285. But the parley ended in nothing, for Gloucester could not agree to Mac Murrogh's demands. On the king's arrival in Dublin he made arrangements to have Mac Murrogh hunted down. But before they could be carried out he was recalled to England by alarming news; and when he had arrived he was made prisoner in 1399, and a new king, Henry IV., was placed on the throne.

286. After the king's departure, Mac Murrogh's raids became so intolerable that the government agreed to compensate him for his wife's lands. Two years later—in 1401—he made a terrible raid into Wexford, in which numbers of the settlers were slain. But this was avenged soon after by the English of Dublin, who in 1402 marched south along the coast, led by the mayor, John Drake, and defeated the O'Byrnes near Bray, killing 500 of them. For this and other services, the king granted to the city of Dublin the privilege of having a gilt sword carried before the mayor.

287. After a short period of quietness Mac Murrogh renewed the war in 1405, plundered and burned Carlow and Castledermot, two English settlements, and again overran the county Wexford. But now came a turn of ill fortune. The deputy Sir Stephen Scroope utterly defeated him in 1407 near Callan in Kilkenny, and immediately afterwards surprised O'Carroll lord of Ely, and killed O'Carroll himself and 800 of his followers. Altogether 3,000 of the Irish fell in these two conflicts—the greatest reverse ever sustained by Mac Murrogh.
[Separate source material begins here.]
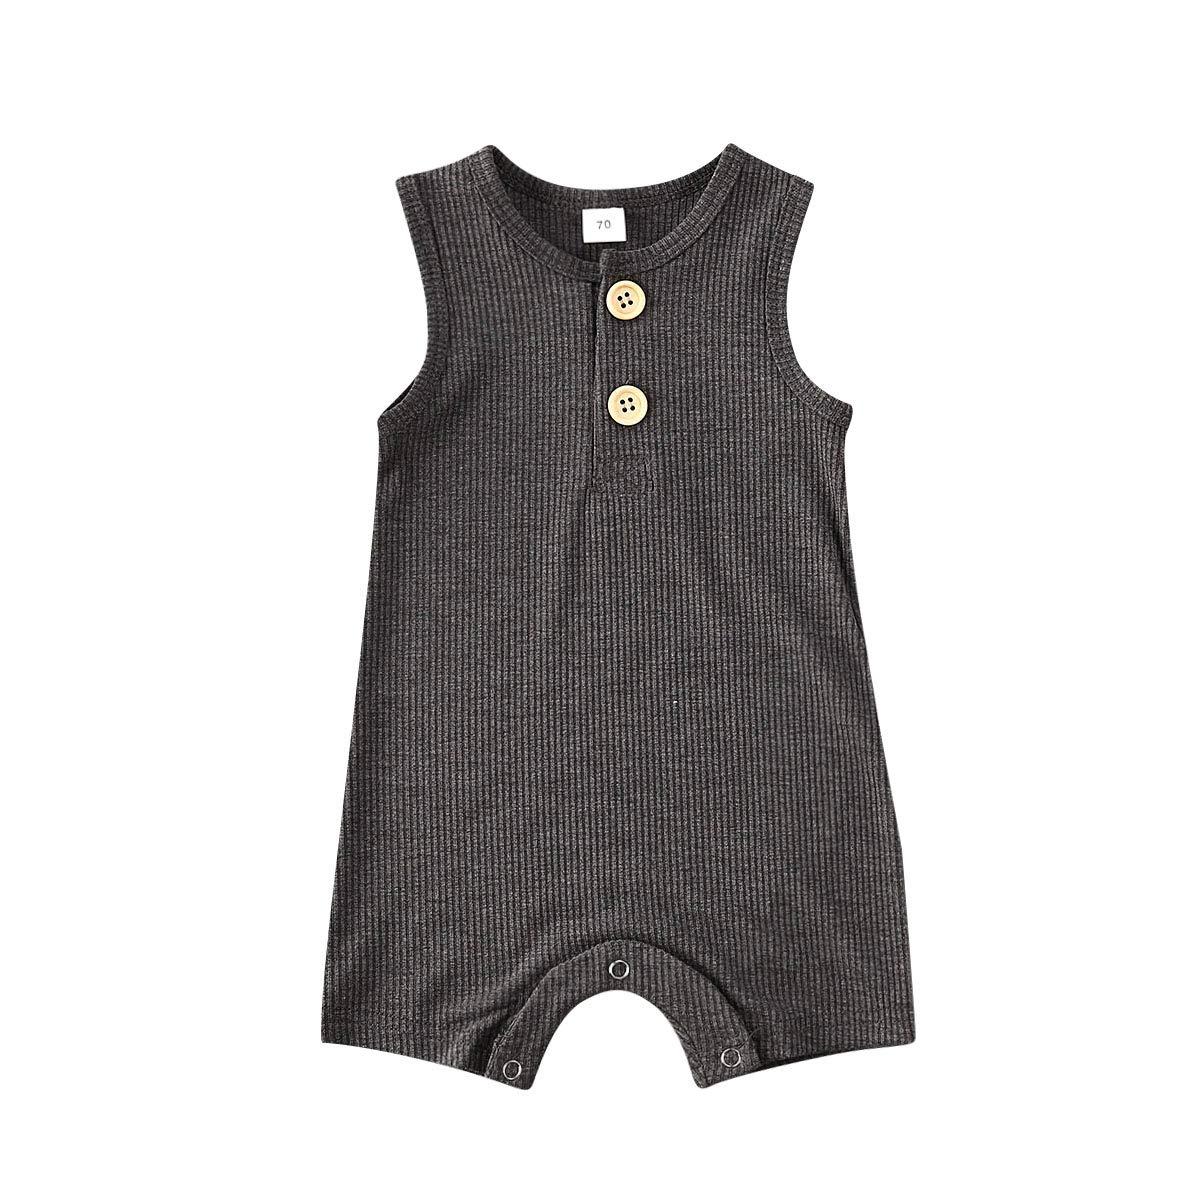 Bodysuit Pants Hat Autumn Winter Pajamas Set 3Pcs Casual Outfit Set Zerototens Baby Clothing Set,0-24 Months Newborn Baby Girl Boy Letter Rainbow Romper Tops

288. This defeat kept him quiet for a time. But in 1413 he inflicted a severe defeat on the men of Wexford. Three years after this—in 1416—the English of Wexford combined, with the determination to avenge all the injuries he had inflicted on them. But he met them on their own plains, defeated them with a loss of 320 in killed and prisoners, and so thoroughly frightened them that they were glad to escape further consequences by making peace and giving hostages for future good behaviour.

289. This was the old hero's last exploit. He died in New Ross a week after the Christmas of 1417, in the sixtieth year of his age, after a reign of forty-two years over Leinster. O'Doran his chief brehon, who had been spending the Christmas with him, died on the same day, and there are good grounds for suspecting that both were poisoned by a woman who had been instigated by some of Mac Murrogh's enemies.

He was the most heroic, persevering, and indomitable defender of his country, from Brian Boru to Hugh O'Neill; and he maintained his independence for nearly half a century just beside the Pale, in spite of every effort to reduce him to submission.